ただ、そんな連中も王城に忍び込むことはできなかったようで、自分を城から連れ出したのは上等な衣服を着た黒マスクの男だった。
あれはおそらくクロッカスの従者だろう。
そして自分を城から連れ出したのち、この物騒な連中に身柄を任されたといったところか。
そのリーダーらしき青年が、たった今自分の目の前で静かに本を読んでいる。
「……こうして待っているだけというのは、なかなかに退屈ですね」
やがて青年はおもむろに顔を上げて、控えめに欠伸を漏らした。
他の者たちとは違って、それなりに小綺麗な白コートに身を包んだ男。
緑色の髪と白い肌も艶があり、肉付きも悪くない。
さらには上等な眼鏡と磨かれたブーツを身につけていることからも、程々にいい暮らしを送っている人物のようだ。

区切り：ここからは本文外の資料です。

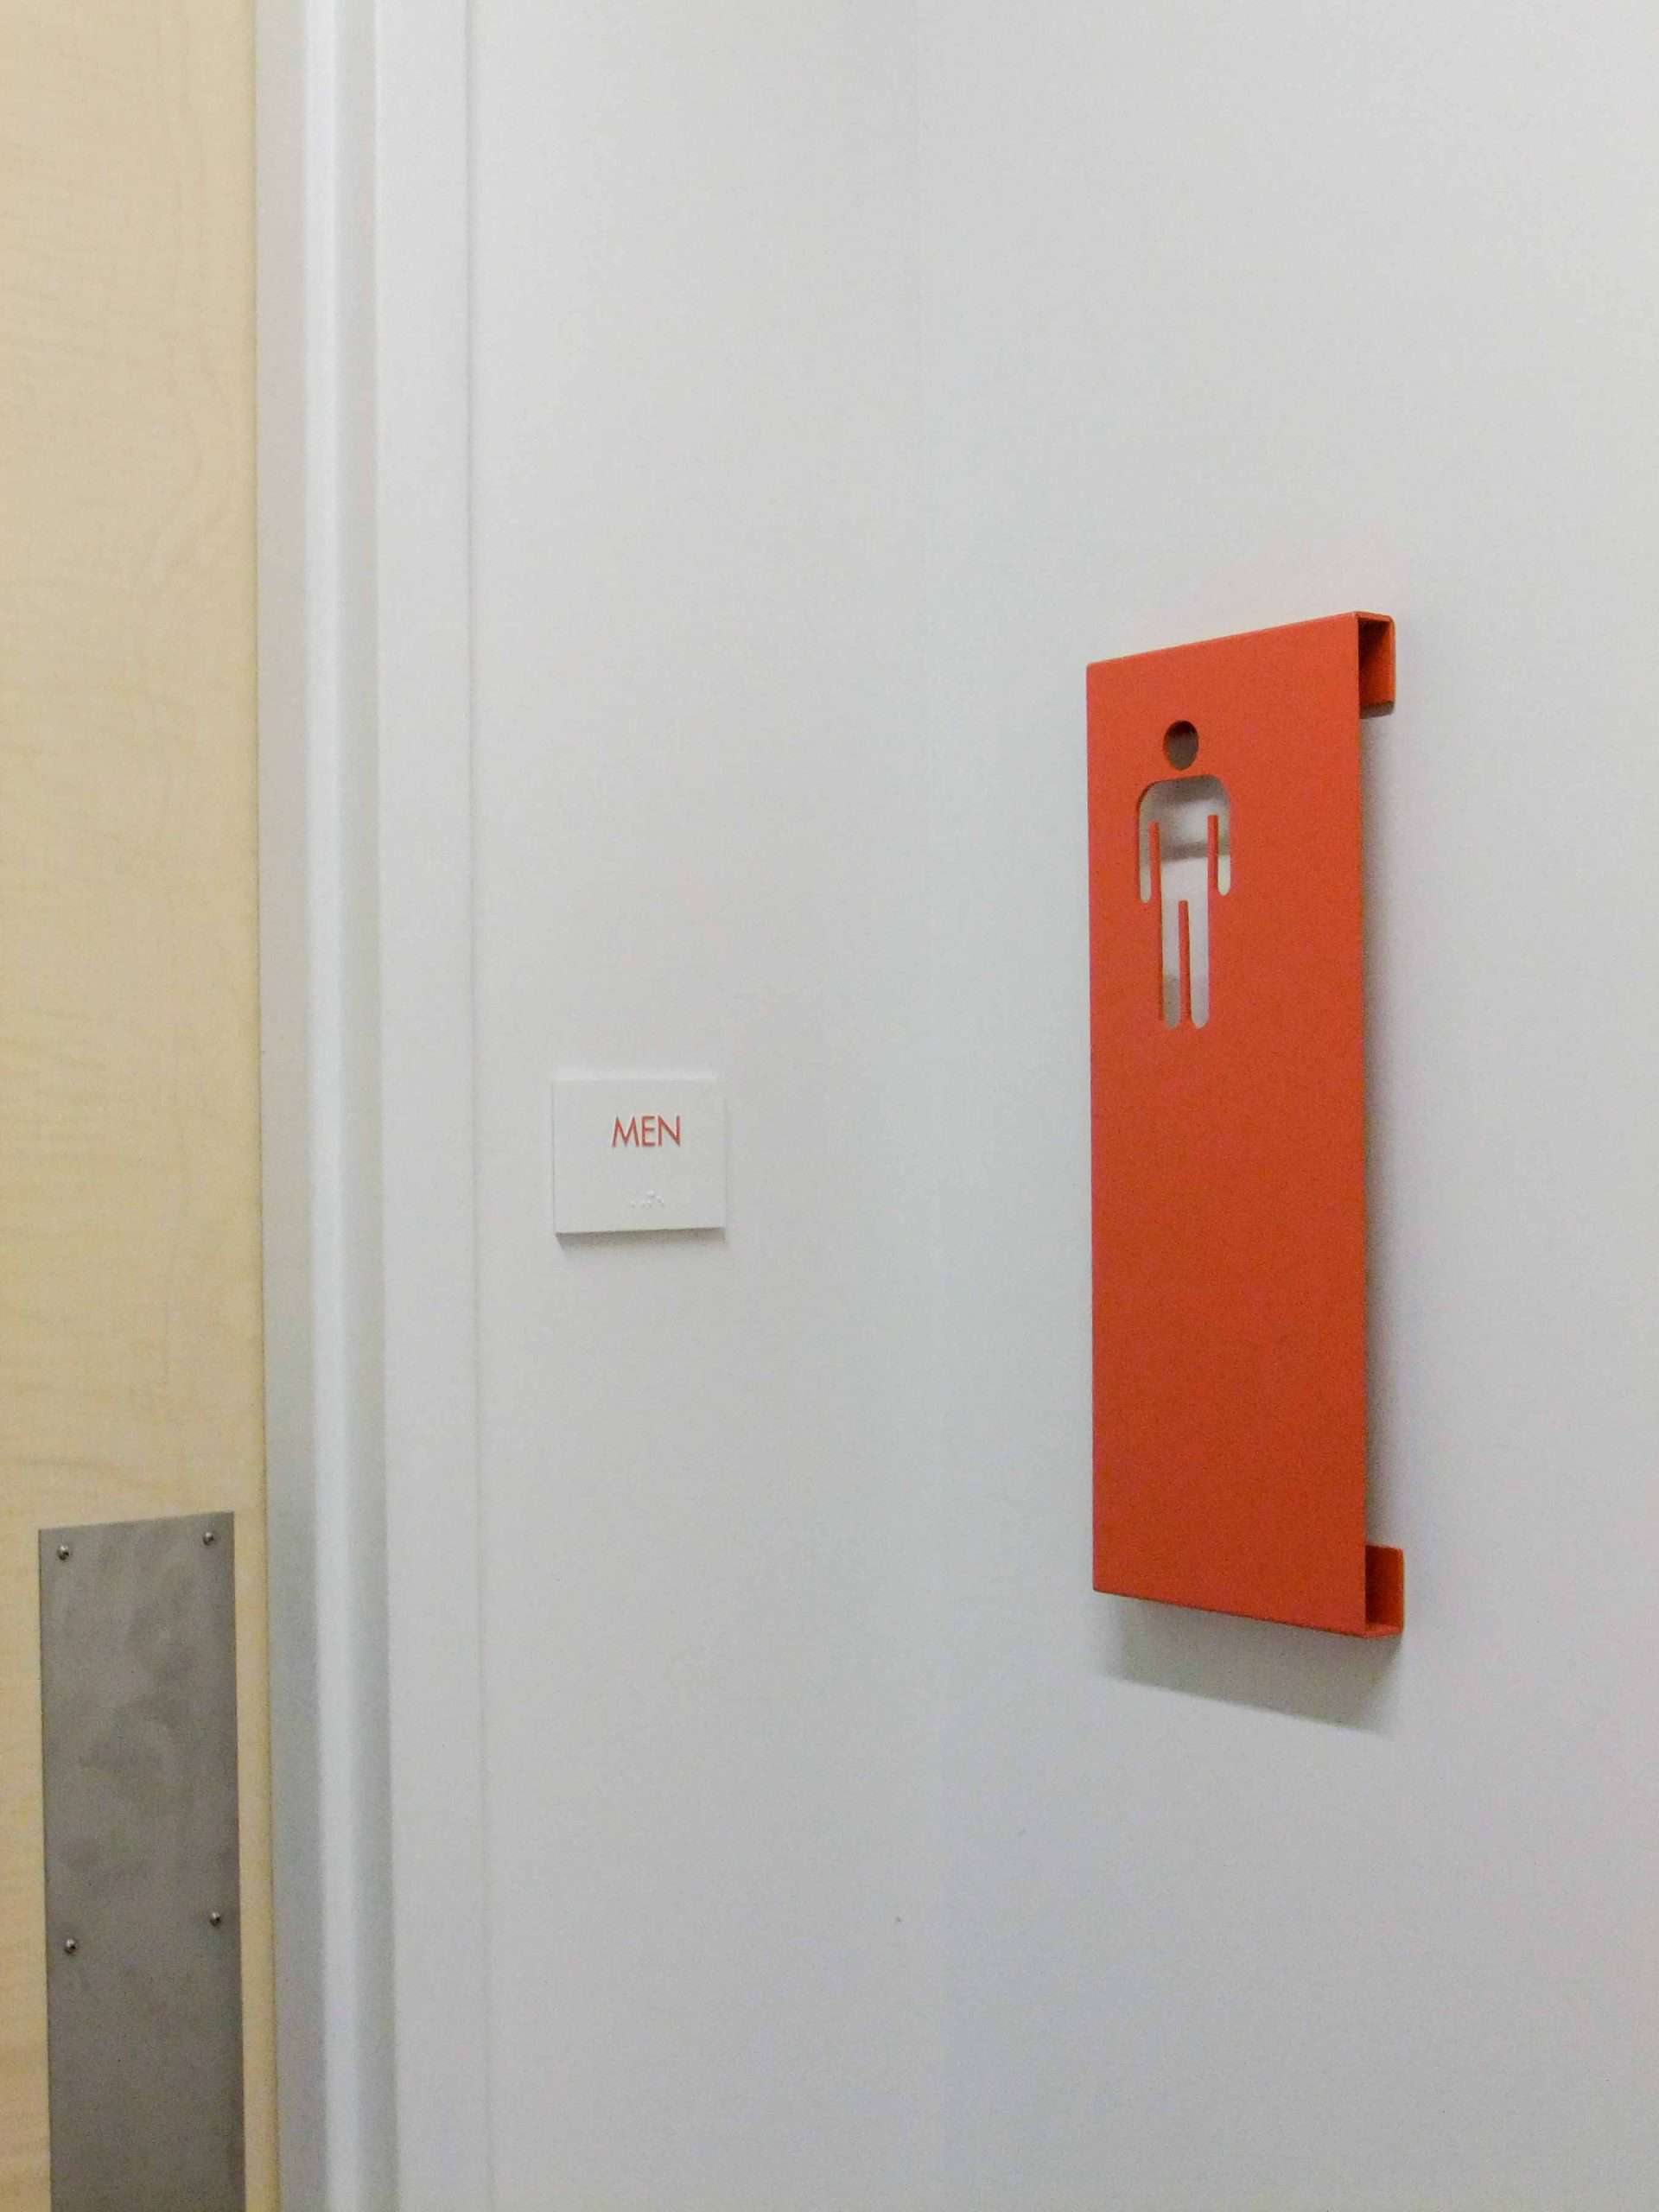 Custom metal restroom sign in orange

上流階級の関係者だろうか? それともクロッカスと金銭的な契約を結んでいる人物か?
見覚えのない人物だったので、キクは思わず疑問を口にしていた。
「……あなたはいったい誰なのですか?」
「おや、お喋りに付き合ってくれるというのですか?」
先ほどの退屈発言を気遣っての台詞ではなかったのだが、なぜかそう捉えられてしまった。

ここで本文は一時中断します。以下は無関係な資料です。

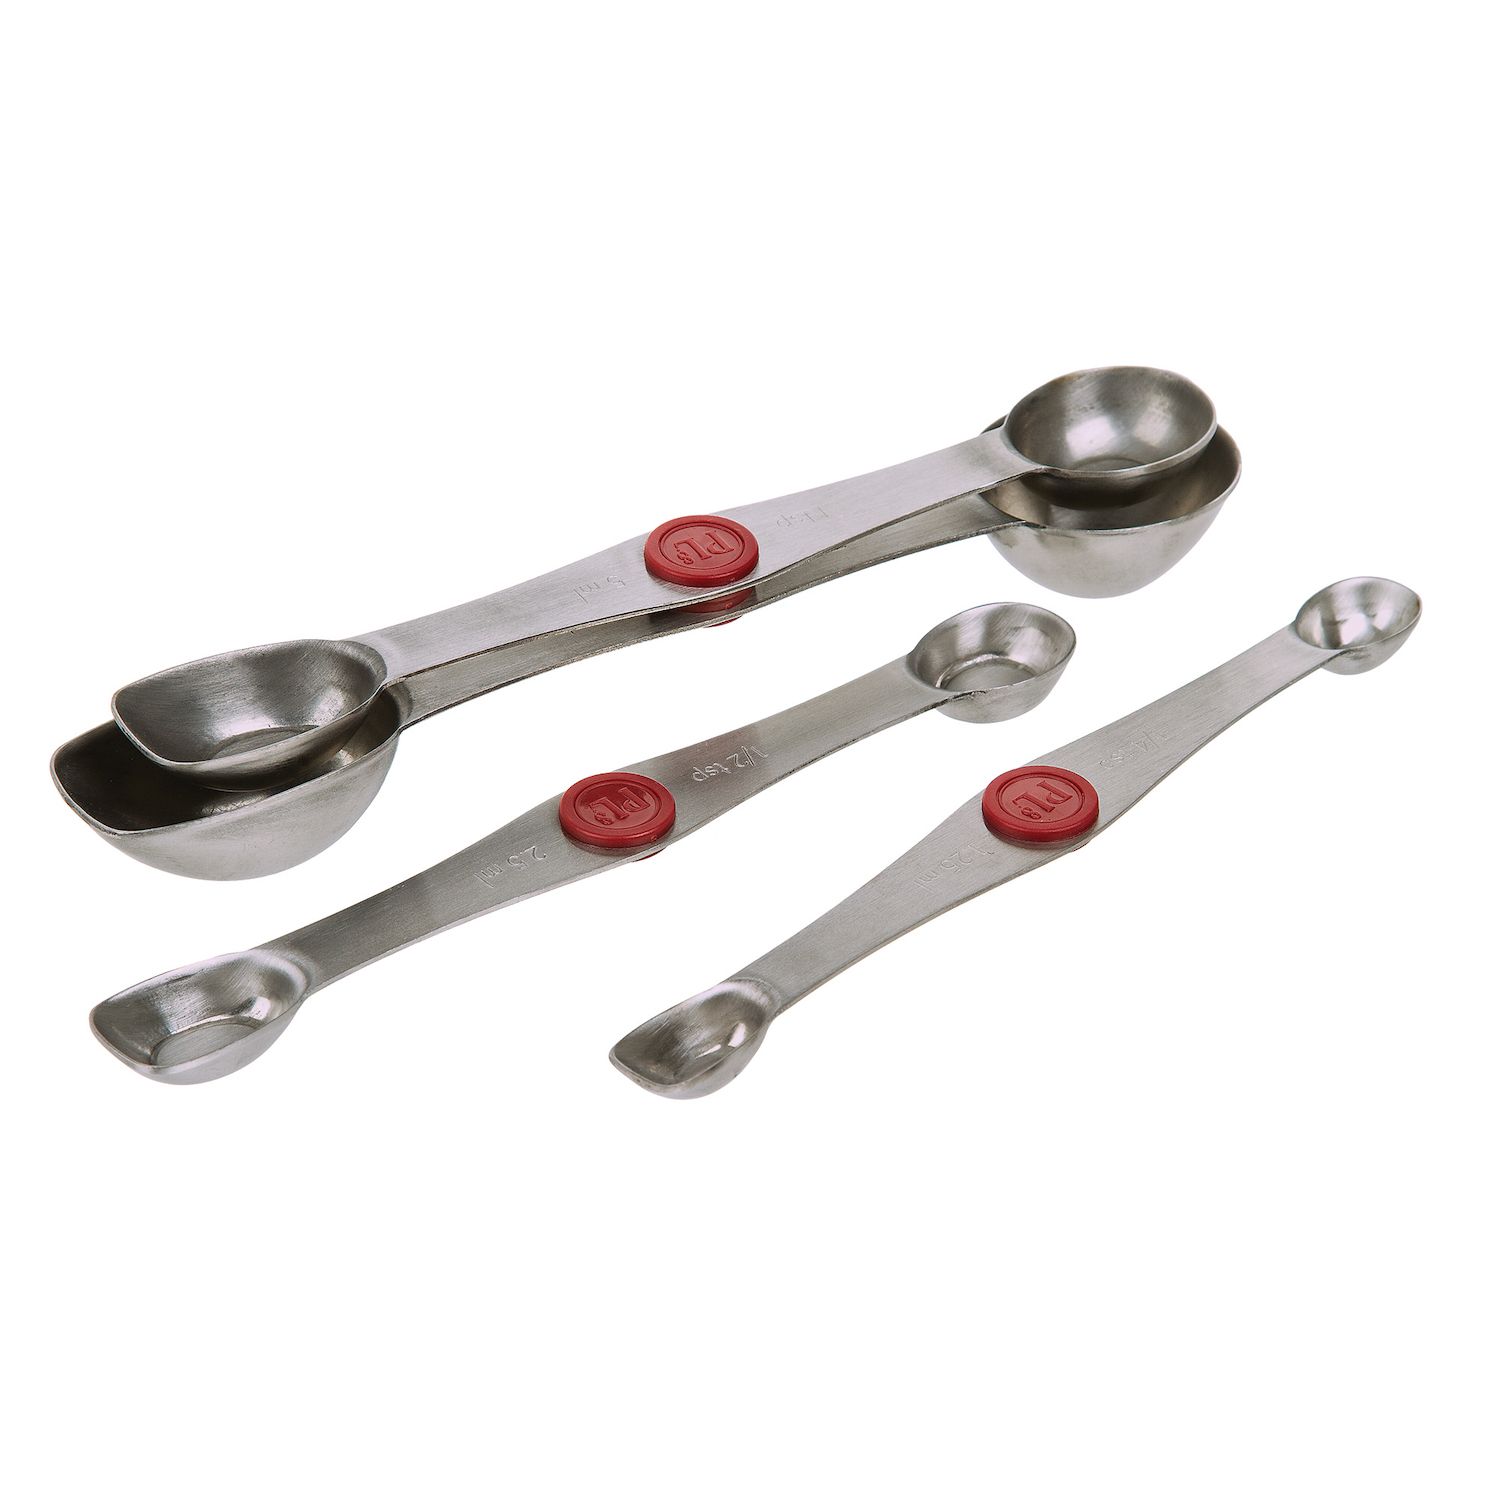 2 Lb Depot Black Measuring Spoons Set of 7 - Bonus Leveler, Rust
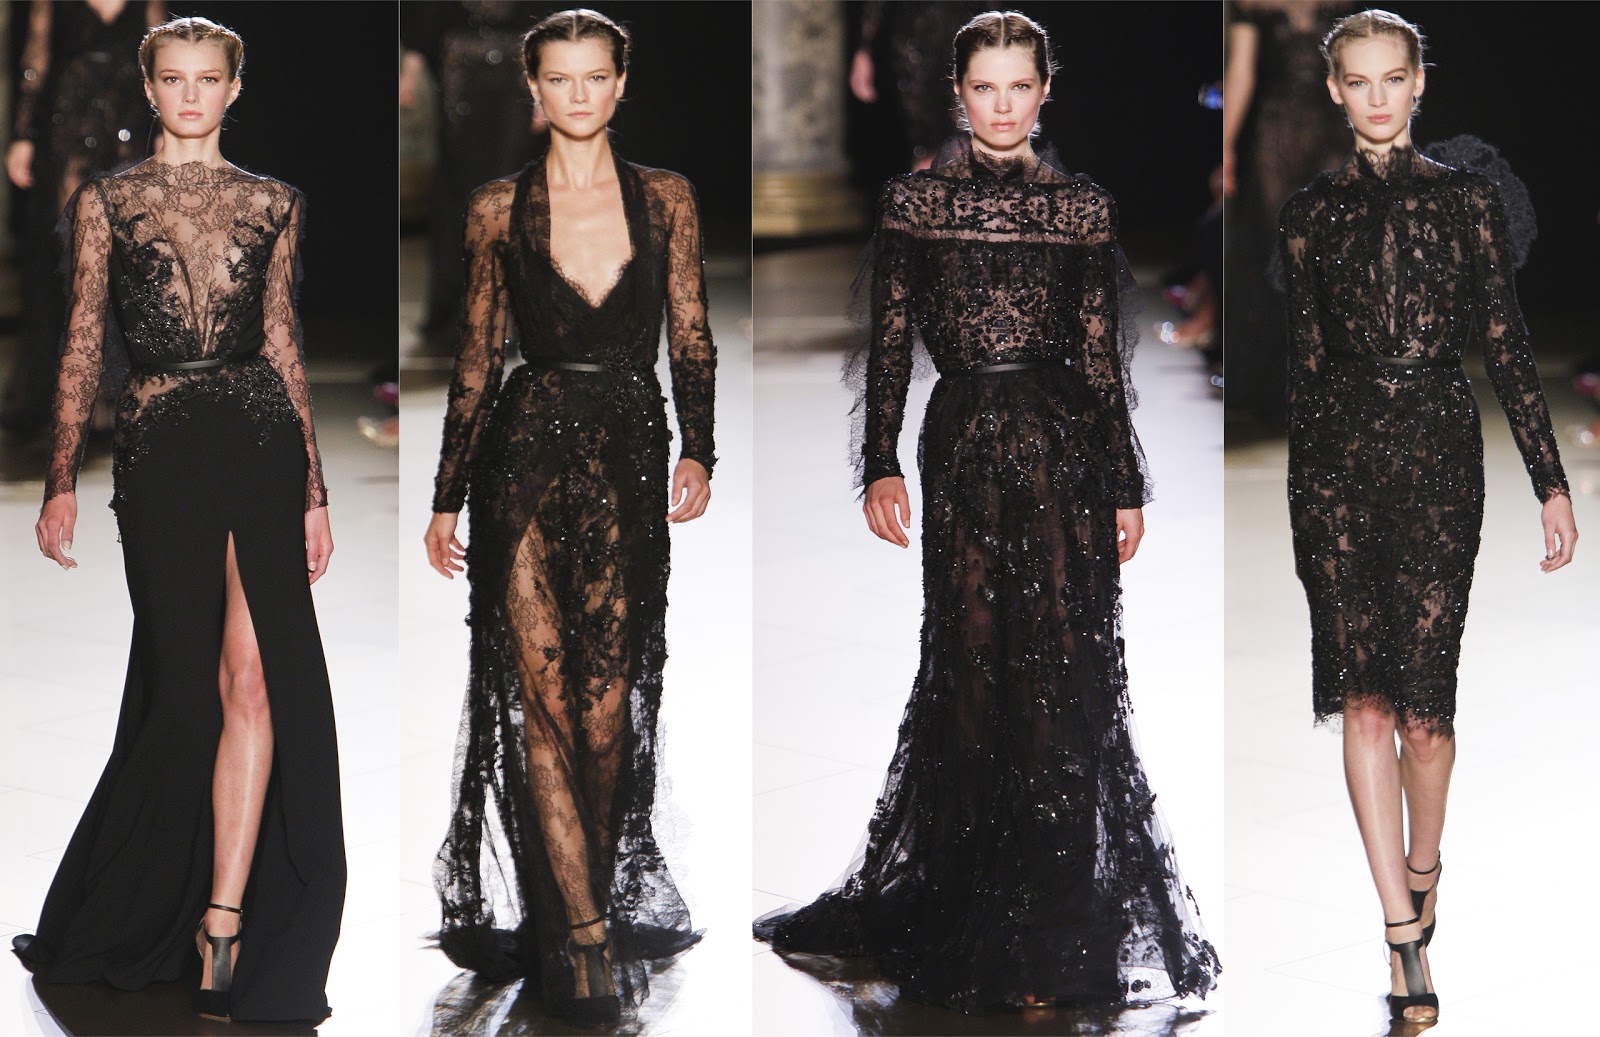 http://1.bp.blogspot.com/-mVA52mt0ATI/UKQpg8p-fQI/AAAAAAAAAr4/85OlXWpegWo/s1600/elie-saab-haute-couture-fall-winter-2012-2013-collection-runway-black-lace-dresses.jpg

とても接しづらい人物だ、などと思っていると、緑髪の男は眼鏡を直しながら肩をすくめた。
「しかし残念ながら素性は明かせないことになっていますので、その質問にお答えすることはできません。別のご質問でしたら受け付けますが?」
「……では、この場所はいったいなんなのですか?」
突然連れてこられた地下遺跡。
それにしては妙に生活感が漂っていて、小綺麗に整頓されている。
だからそれが気になって尋ねてみると、青年はまたも玉虫色の返答をしてきた。